La situation s'est tendue quand les manifestants tatars ont commencé à vouloir repousser sur le côté les militants pro-russes: des injures, des bousculades, des jets de bouteilles et quelques coups ont été échangés, mais les forces de l'ordre sont rapidement intervenues pour séparer les deux camps.

- Union européenne ou Russie ? -

"Nous soutenons Maïdan (le nouveau régime ukrainien), nous voulons entrer dans l'Union européenne", explique Saitmemet Mouratov, un hommes d'affaires tatar présent dans la foule.

"De par la géographie, il est impossible que la Crimée (située dans le sud de l'Ukraine) fasse partie de la Fédération de Russie", assène quant à elle Nara Narimonova, employée d'une ONG: "Nous voulons être avec l'Ukraine".

"Nous vivons ici depuis de très nombreuses années", souligne-t-elle, cependant qu'une autre jeune Tatare, Niyara, 24 ans, qui travaille dans l'organisation de mariages, rappelle que si les Tatars ont été déportés hors de Crimée sous Staline, ils sont désormais "des Criméens" à part entière.

"Nous voulons que l'Union européenne signe un accord d'association avec l'Ukraine, nous voulons que nos enfants vivent et étudient en Europe et qu'il n'y ait pas de provocations de la part des séparatistes russes", poursuit-elle.

A quelques mètres de là, chez les militants pro-russes, c'est un tout autre son de cloche.

"Nous avons déjà fait partie de la Russie, nous voulons y revenir et tout le peuple veut y revenir", s'enflamme Ioulia, à la tête d'une petite entreprise.

"Nous ne voulons pas sur notre terre de cette guerre qui a amené ce pouvoir fasciste (à la tête de l'Ukraine), de cette guerre qui a lieu à Kiev", où plus de 80 personnes ont été tuées la semaine dernière avant le départ du président Viktor Ianoukovitch, s'emporte Alexandre, venu de Yalta, une station balnéaire de Crimée.

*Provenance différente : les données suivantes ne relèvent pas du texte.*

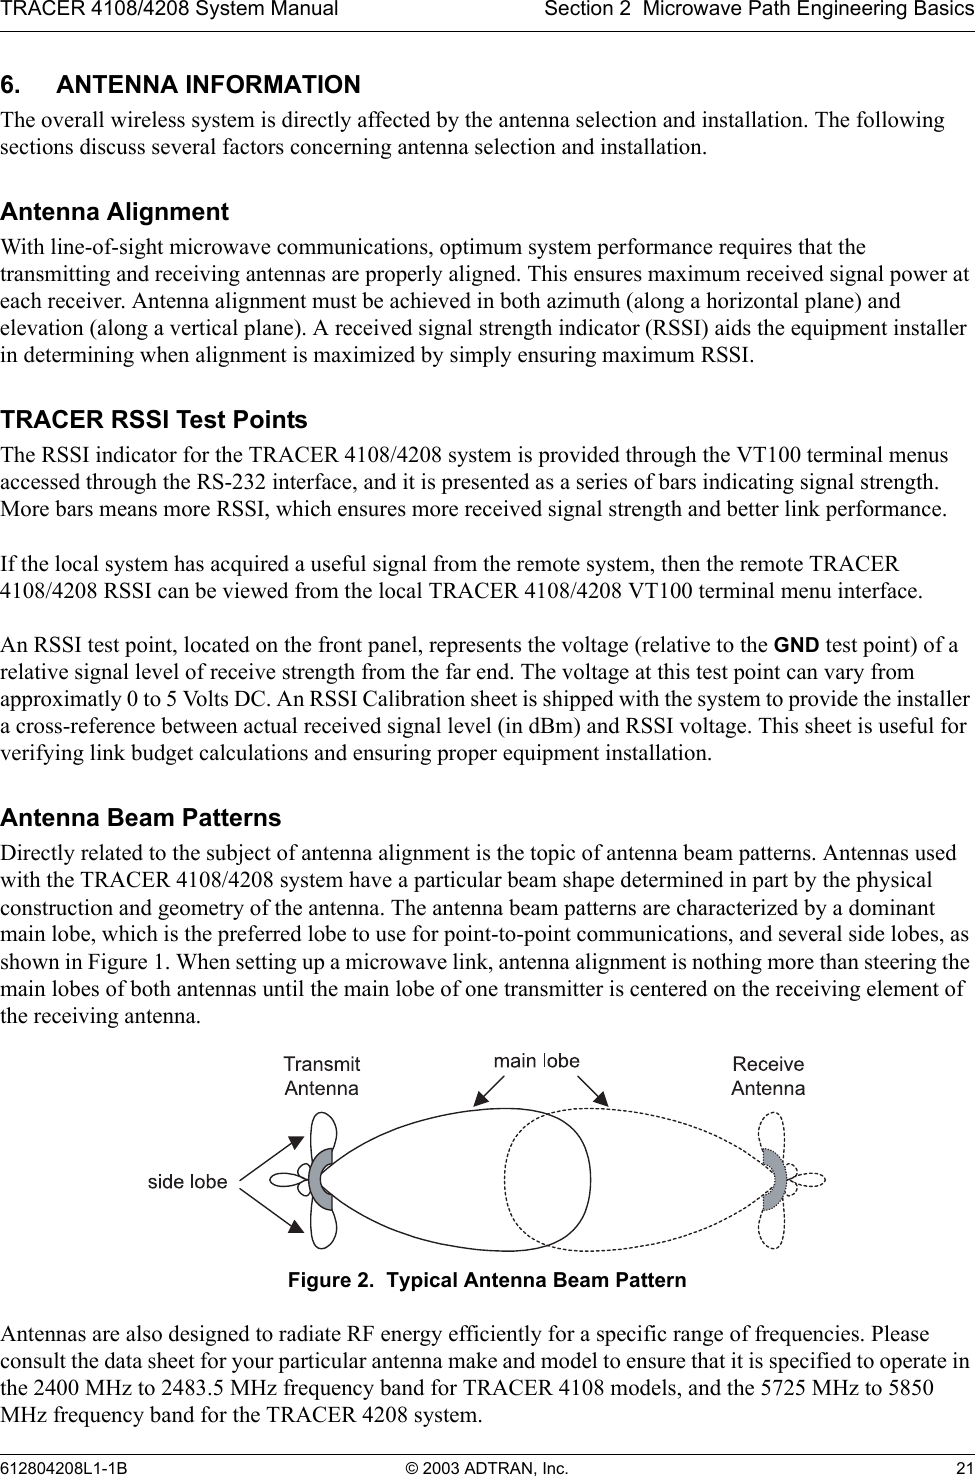 TRACER 4108/4208 System Manual Section 2  Microwave Path Engineering Basics612804208L1-1B © 2003 ADTRAN, Inc. 216. ANTENNA INFORMATIONThe overall wireless system is directly affected by the antenna selection and installation. The following sections discuss several factors concerning antenna selection and installation.Antenna AlignmentWith line-of-sight microwave communications, optimum system performance requires that the transmitting and receiving antennas are properly aligned. This ensures maximum received signal power at each receiver. Antenna alignment must be achieved in both azimuth (along a horizontal plane) and elevation (along a vertical plane). A received signal strength indicator (RSSI) aids the equipment installer in determining when alignment is maximized by simply ensuring maximum RSSI. TRACER RSSI Test PointsThe RSSI indicator for the TRACER 4108/4208 system is provided through the VT100 terminal menus accessed through the RS-232 interface, and it is presented as a series of bars indicating signal strength. More bars means more RSSI, which ensures more received signal strength and better link performance.If the local system has acquired a useful signal from the remote system, then the remote TRACER 4108/4208 RSSI can be viewed from the local TRACER 4108/4208 VT100 terminal menu interface.An RSSI test point, located on the front panel, represents the voltage (relative to the GND test point) of a relative signal level of receive strength from the far end. The voltage at this test point can vary from approximatly 0 to 5 Volts DC. An RSSI Calibration sheet is shipped with the system to provide the installer a cross-reference between actual received signal level (in dBm) and RSSI voltage. This sheet is useful for verifying link budget calculations and ensuring proper equipment installation.Antenna Beam PatternsDirectly related to the subject of antenna alignment is the topic of antenna beam patterns. Antennas used with the TRACER 4108/4208 system have a particular beam shape determined in part by the physical construction and geometry of the antenna. The antenna beam patterns are characterized by a dominant main lobe, which is the preferred lobe to use for point-to-point communications, and several side lobes, as shown in Figure 1. When setting up a microwave link, antenna alignment is nothing more than steering the main lobes of both antennas until the main lobe of one transmitter is centered on the receiving element of the receiving antenna.Figure 2.  Typical Antenna Beam PatternAntennas are also designed to radiate RF energy efficiently for a specific range of frequencies. Please consult the data sheet for your particular antenna make and model to ensure that it is specified to operate in the 2400 MHz to 2483.5 MHz frequency band for TRACER 4108 models, and the 5725 MHz to 5850 MHz frequency band for the TRACER 4208 system.

Le rassemblement a commencé à se disperser vers 16H00 (14H00 GMT) après que des députés furent venu lancer des appels au calme à leur sortie du Parlement.

Les pro-russes réclament l'organisation d'un référendum sur le statut de la Crimée, où les tensions séparatistes se sont accrues depuis la destitution de Viktor Ianoukovitch.

Une hypothèse rejetée par le président du parlement de Crimée, Volodymyr Konstantinov. "Le Parlement ne va pas discuter d'une sortie de la Crimée de l'Ukraine. Il s'agit d'une provocation visant à discréditer le Parlement autonome de Crimée", a indiqué son porte-parole.

Les Tatars, installés depuis le XIIIe siècle en Crimée, avant d'être déportés en Sibérie et en Asie centrale sous le régime stalinien, sont revenus dans cette péninsule après la chute de l'Union soviétique en 1991, et y représentent aujourd'hui 12% des deux millions d'habitants.

La Crimée est à présent une république autonome de l'Ukraine, mais elle abrite la Flotte russe de la Mer Noire.